The accuracy of the object-oriented classification method is evaluated by using sample points. Table 2 shows the accuracy evaluation results of the object-oriented classification method of the k-proximity method.

Table 2. Accuracy evaluation result of classification method with or without texture information of SVM

4 Experimental Result

The image was preprocessed by ENVI software V5.3.1 (image data preprocessing process such as orthorectification, image registration, image fusion and cropping). For different urban land cover, the optimal segmentation scale for image segmentation is 45, the merge scale is 85, and the texture kernel is 3. After that, five kinds of urban ecological land cover are classified by ENVI software, and urban land, water body, woodland, cultivated land, road and other land are classified one by one. Because other land and roads are difficult to distinguish, texture information is added to the classification process.
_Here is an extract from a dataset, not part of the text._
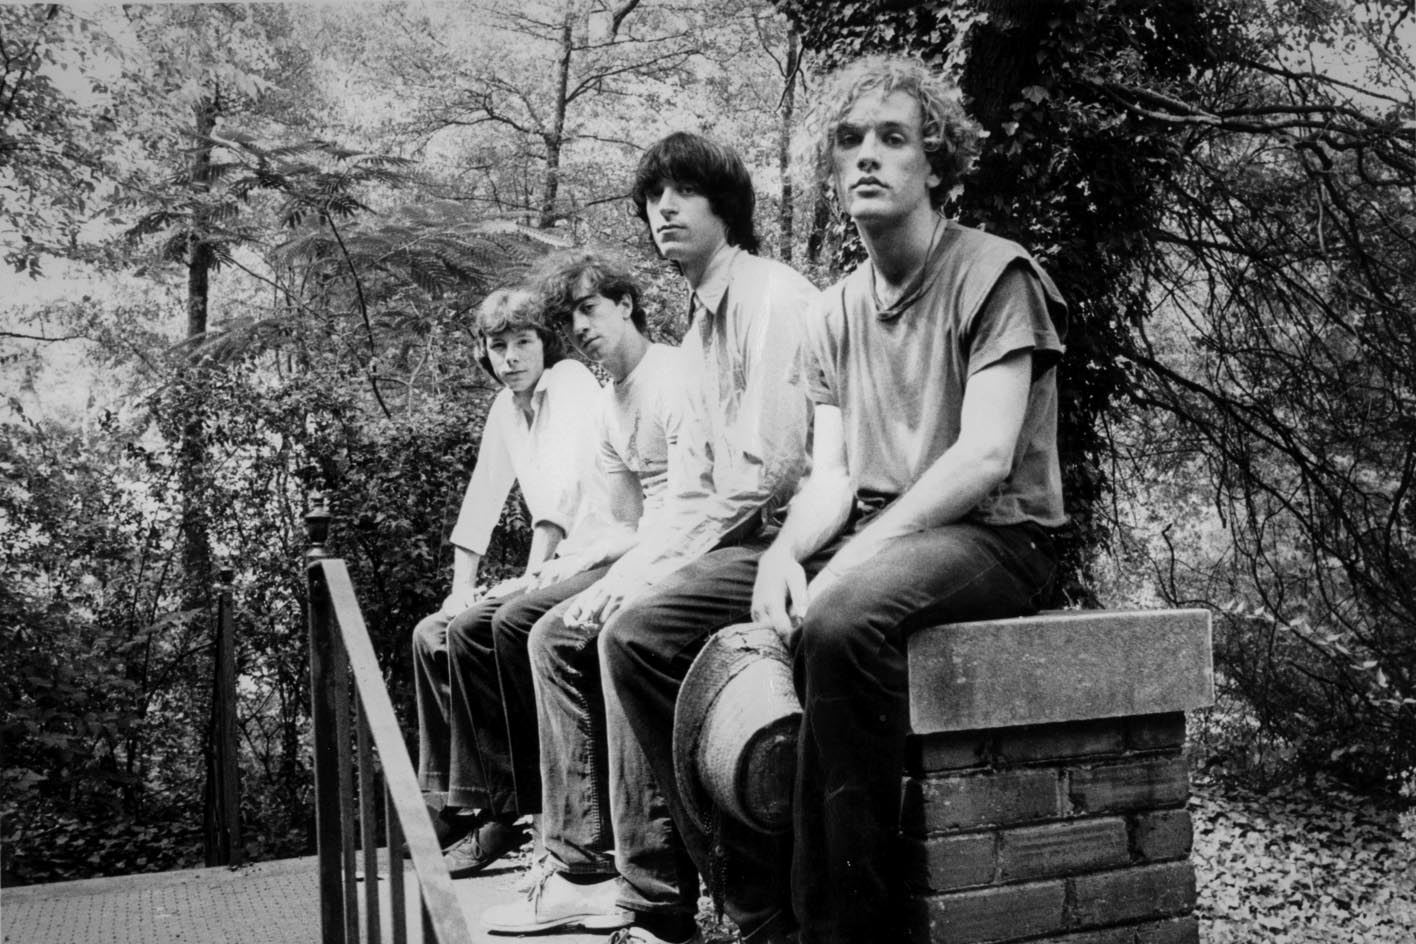 The members of R.E.M. stand on the patio of the Barber Street house

The classification results are shown in Fig. 7 and Fig. 7 (a) and (b) are the results without texture information and with texture information, respectively. They show that the use of texture information turns road pixels into urban land, making the classification result closer to reality. It can be seen from the classification results that some objects of the road are classified as urban land, which makes the display of urban land more complete. The sample points are used to evaluate the accuracy of the object-oriented classification method. Table 2 shows the accuracy evaluation results of the object-oriented classification method with or without texture information in SVM.

Fig. 7.
figure 7

Classification result map (a): without texture; (b) texture

From the accuracy evaluation results in Table 2, it can be seen that the classification effect of SVM is relatively good, the overall accuracy is above 95%, and the Kappa coefficient is greater than 0.95. Among them, the overall accuracy of the SVM classification results with texture features is the highest, reaching 97.41%, and the Kappa coefficient is 0.9605; the overall accuracy of the untextured SVM classification results is the second, with an overall accuracy of 96.89% and a Kappa coefficient of 0.9539. It is found from the table that the producer accuracy of road and other land with texture information is 99.44% and 88.33% respectively, while the producer accuracy without texture information is only 84.99% and 79.42% respectively.

From the two Fig. 8 and Fig. 9, it can be clearly found that the user accuracy and producer accuracy of all kinds of objects with texture information have good performance. Using the texture information in the classification rules, the accuracy of roads and other land use is greatly improved. From this point of view, the object-oriented classification method with texture information in this paper can improve the accuracy of urban areas, which is a promising method and should be extended to other urban land cover.

Fig. 8.
figure 8

User accuracy comparison with and without texture

Fig. 9.
figure 9

Producer accuracy comparison with or without texture

5 Conclusion

Based on the object-oriented method to extract spatial characteristics of land cover classification, GF-2 in the image is utilized to extract the urban land cover information, on the basis of image segmentation, the object using cover features information, Though the establishment of the classification system to classify urban land, water, woodland, arableland, road, and other land six land cover and evaluate it accuracy. The results show that the classification effect with texture feature information is better, and the classification accuracy is as high as 97.41%. But this object-oriented method still has some errors, which may be caused by the setting of the segmentation threshold, the availability of supervised classification and the complexity of land. Therefore, the next work will further refine the classification system to improve the accuracy and increase the segmentation and recognition of other types of data.